Prehistoric adaptation strategies to environmental changes

Natural lake sediments and submerged prehistoric settlements in lakes of todays Albania, Greece and North Macedonia offer the opportunity to investigate the environmental and societal change in the dawn of European farming, 8 000 years ago. The EU-funded EXPLO project proposes an innovative interdisciplinary method to investigate interfaces between past human ways of life, land use and the environment. The project will use a unique combination of archaeological, biological and dynamic mathematical (Bayseian) modelling methods applied to dendrochronology and radiocarbon dating to establish highly precise settlement chronologies. EXPLO will combine on-site information from excavations with off-site palaeoenvironmental data to detect past adaptation strategies.

Objective

European societies today face unprecedented environmental change. Understanding how human societies responded to past challenges of environmental change relates to the interface between culture and environment. The EXPLO project proposes a novel interdisciplinary approach to investigate key questions regarding the interaction between past human ways of life, land use and the wider environment through a unique combination of archaeological, biological and dynamic mathematical modelling approaches.

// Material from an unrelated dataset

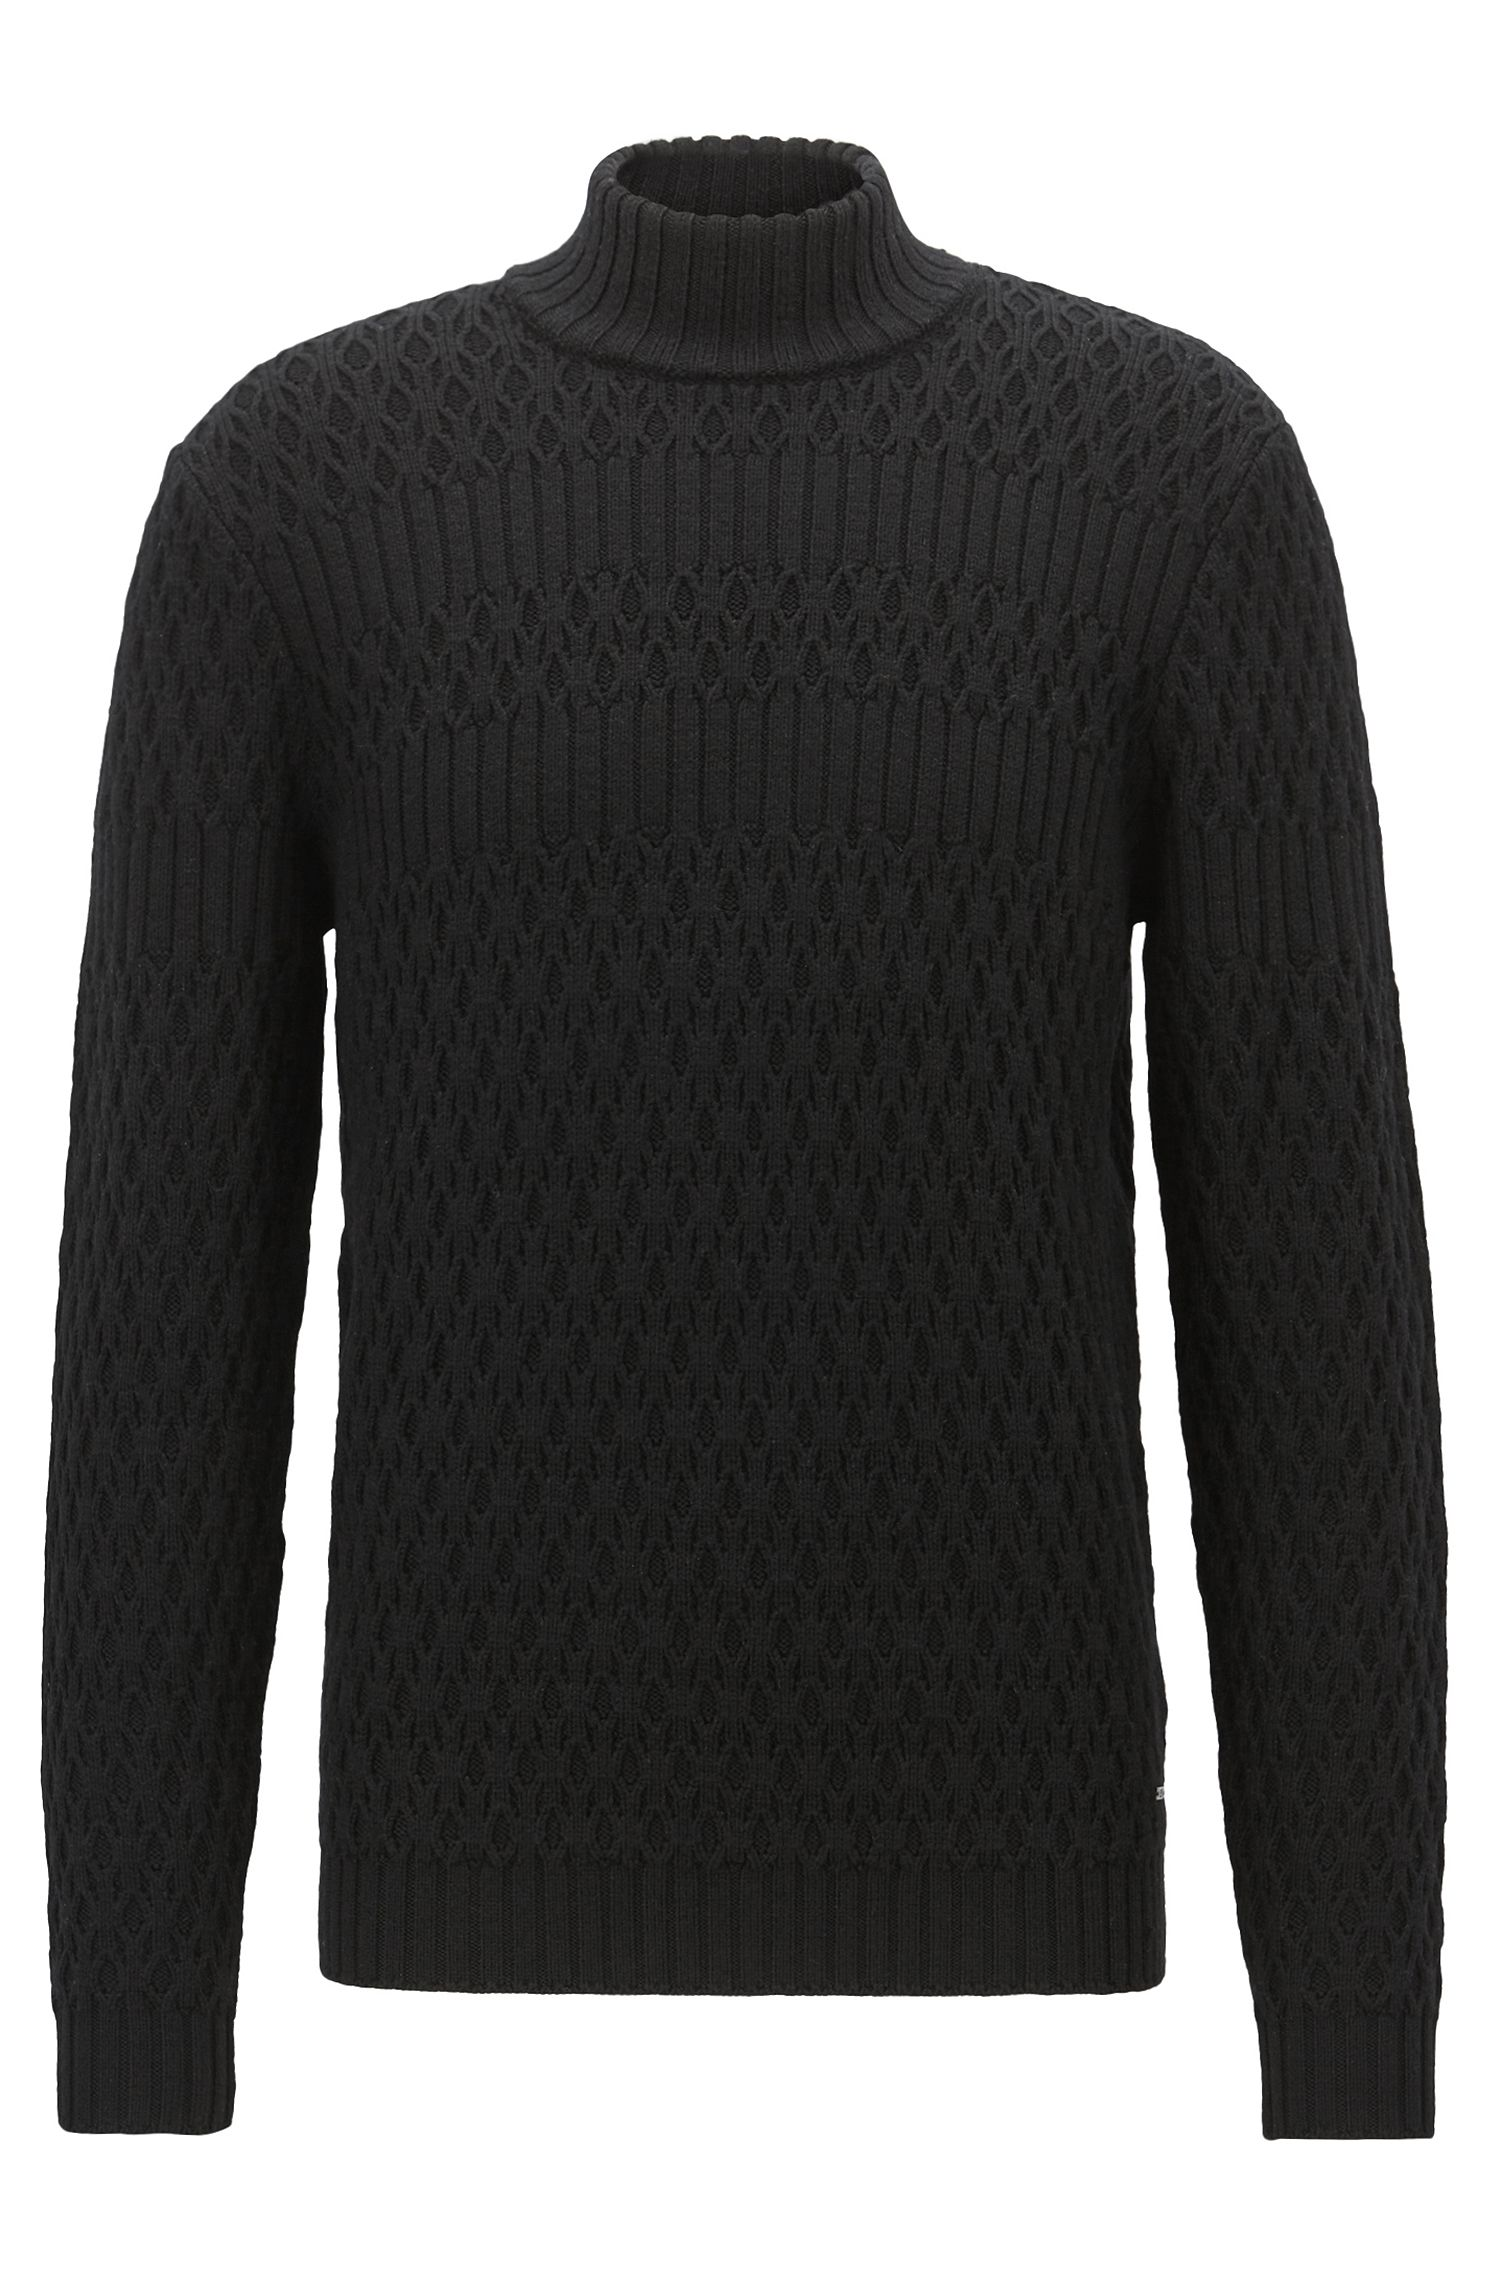 Jersey de manga larga en lana virgen con cuello alto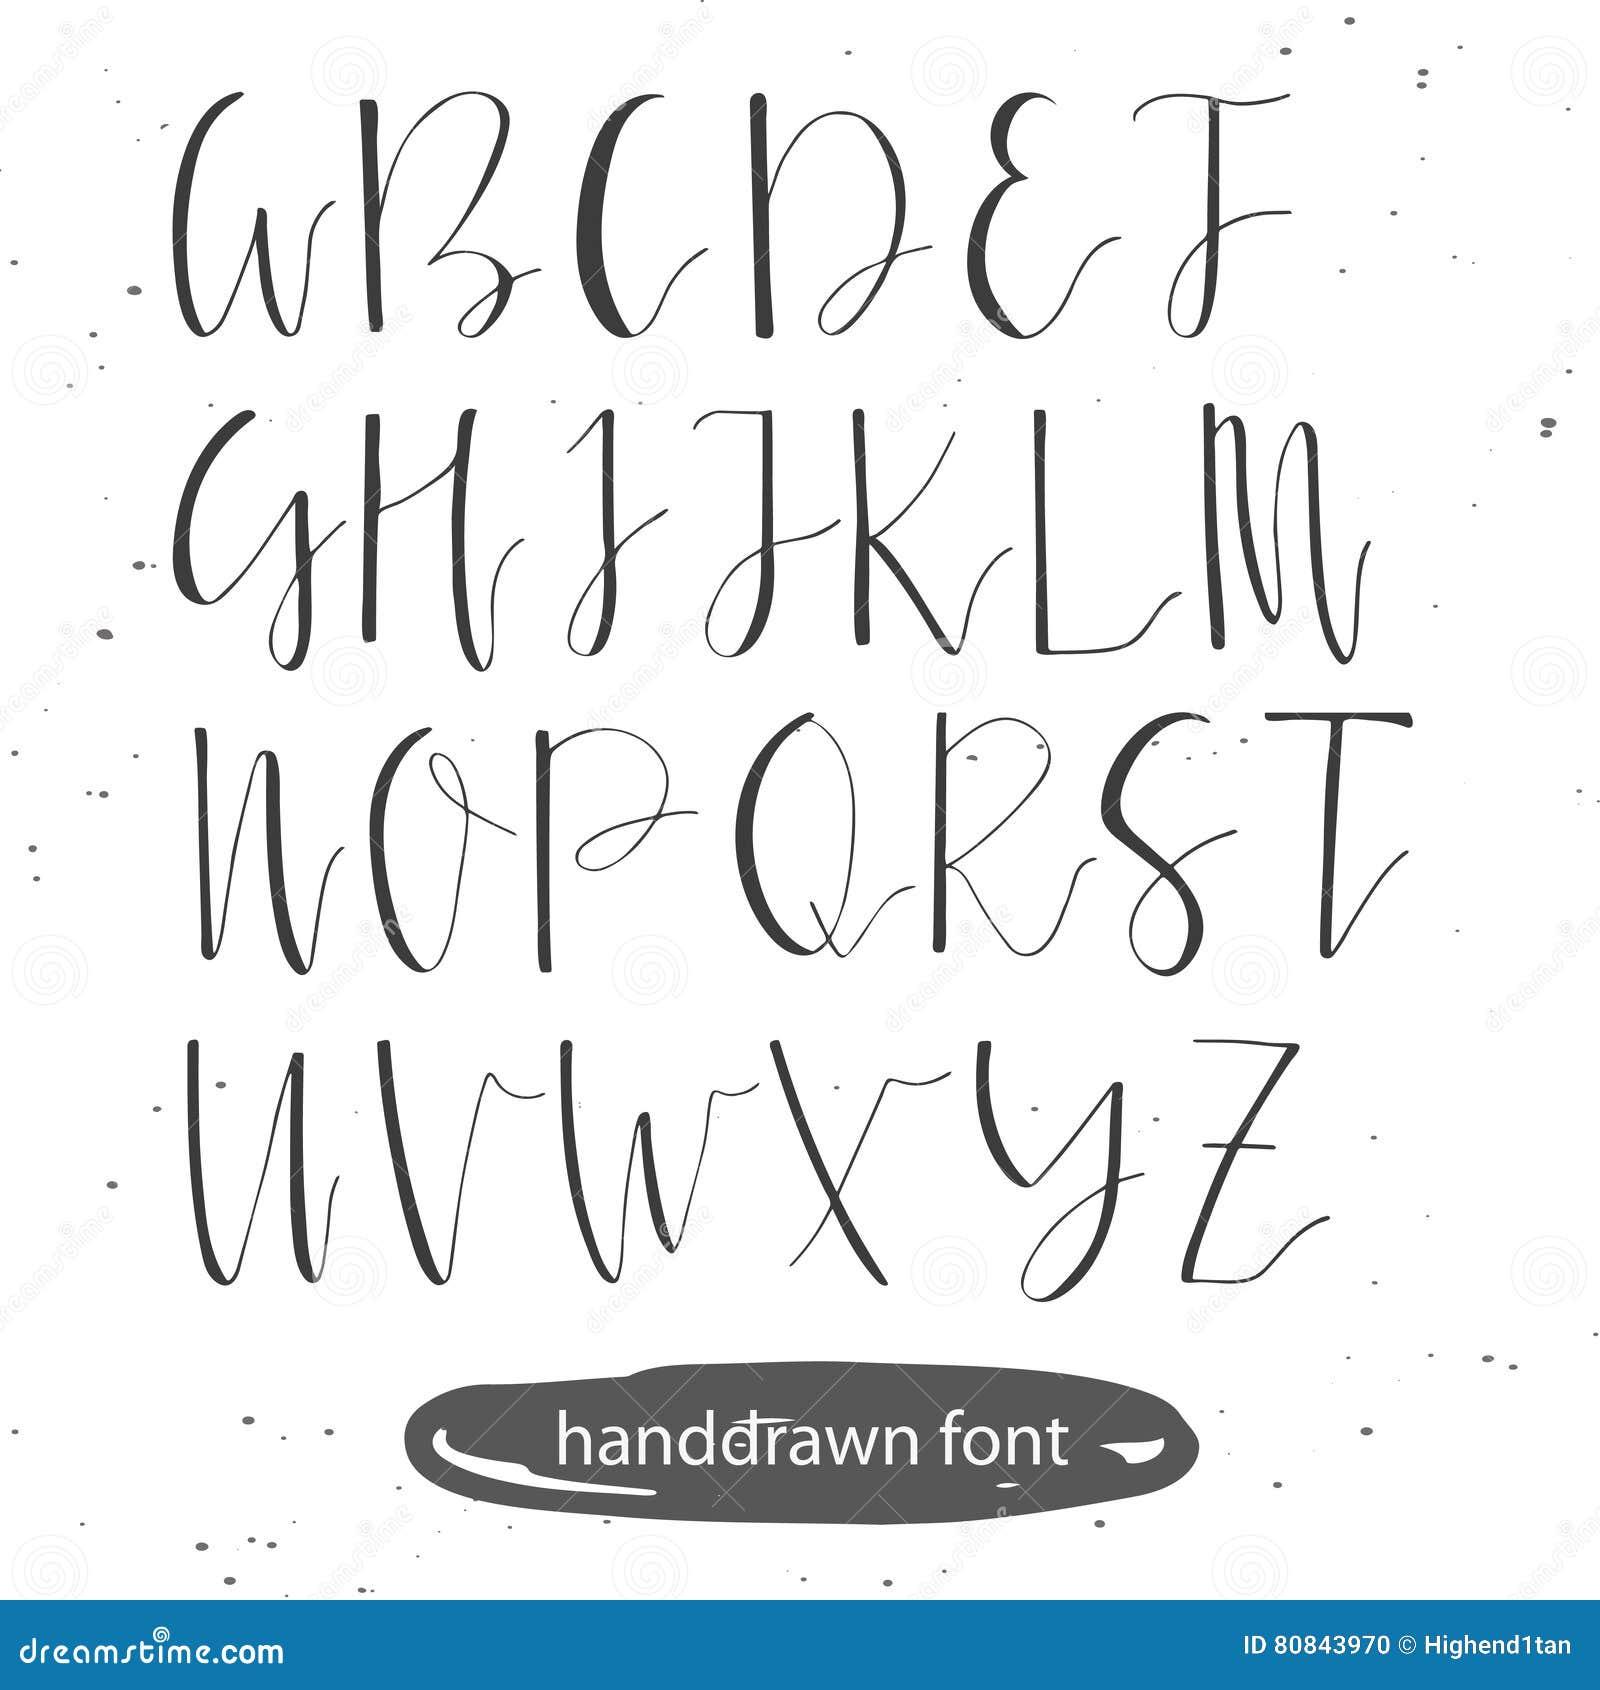 handwritten calligraphy font. stock vector - illustration of black

Archaeological prehistoric sites in lakes of northern Greece and the southern Balkans provide an excellent opportunity to investigate rich archives of societal and environmental change in the cradle of European farming. Natural lake sediments and submerged prehistoric settlements offer exceptional preservation conditions and uniquely holistic insights into past anthroposphere, biosphere and geosphere dynamics. More than 8,000 years ago, technological and social breakthroughs allowed the introduction of farming from western Asia to Greece and thus for the first time to Europe; however, so far there is no high-resolution picture of how this revolutionary innovation interacted with the environment, including its long-term consequences.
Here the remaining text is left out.